**Work item:**
Take the listing below and print exactly the lines starting at the line containing "Immigrants from Venezuela" and ending at the line containing "Role of Sea", both ends included, and no others.

**Available data:**
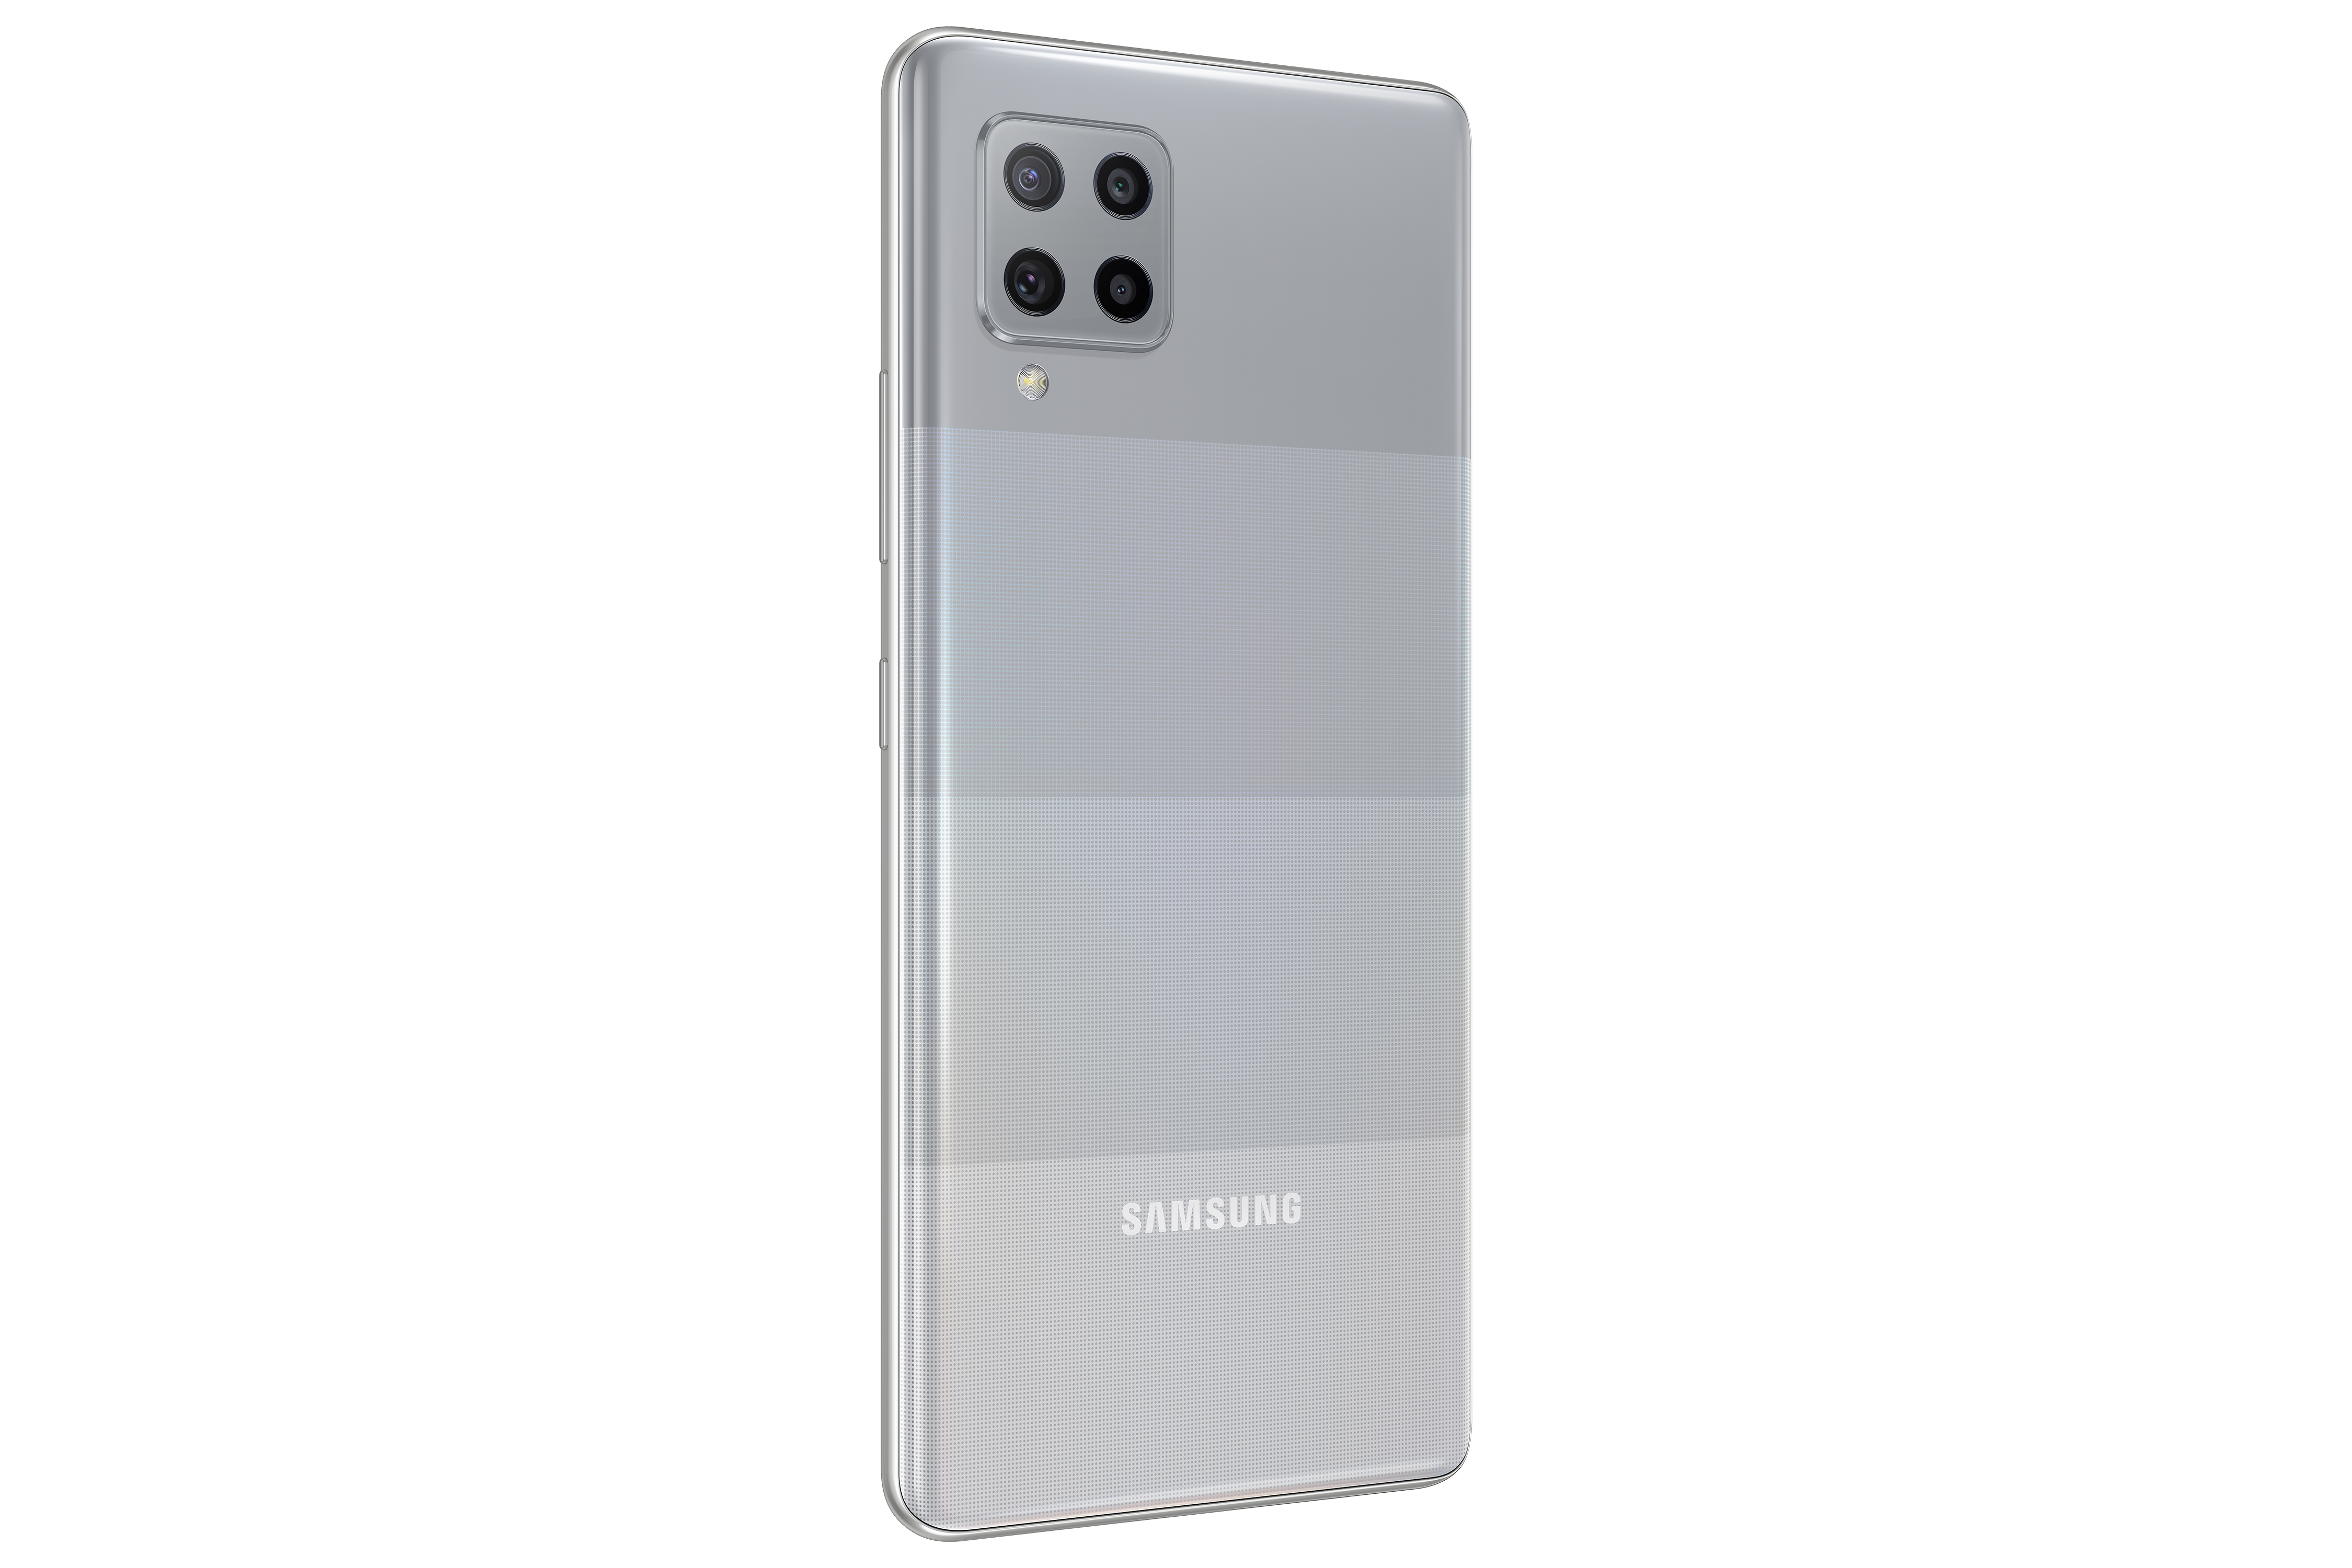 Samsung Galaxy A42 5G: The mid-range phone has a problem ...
--
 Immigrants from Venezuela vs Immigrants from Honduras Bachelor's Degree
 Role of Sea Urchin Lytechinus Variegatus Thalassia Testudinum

**Solved exercise:**
 Immigrants from Venezuela vs Immigrants from Honduras Bachelor's Degree
 Role of Sea Urchin Lytechinus Variegatus Thalassia Testudinum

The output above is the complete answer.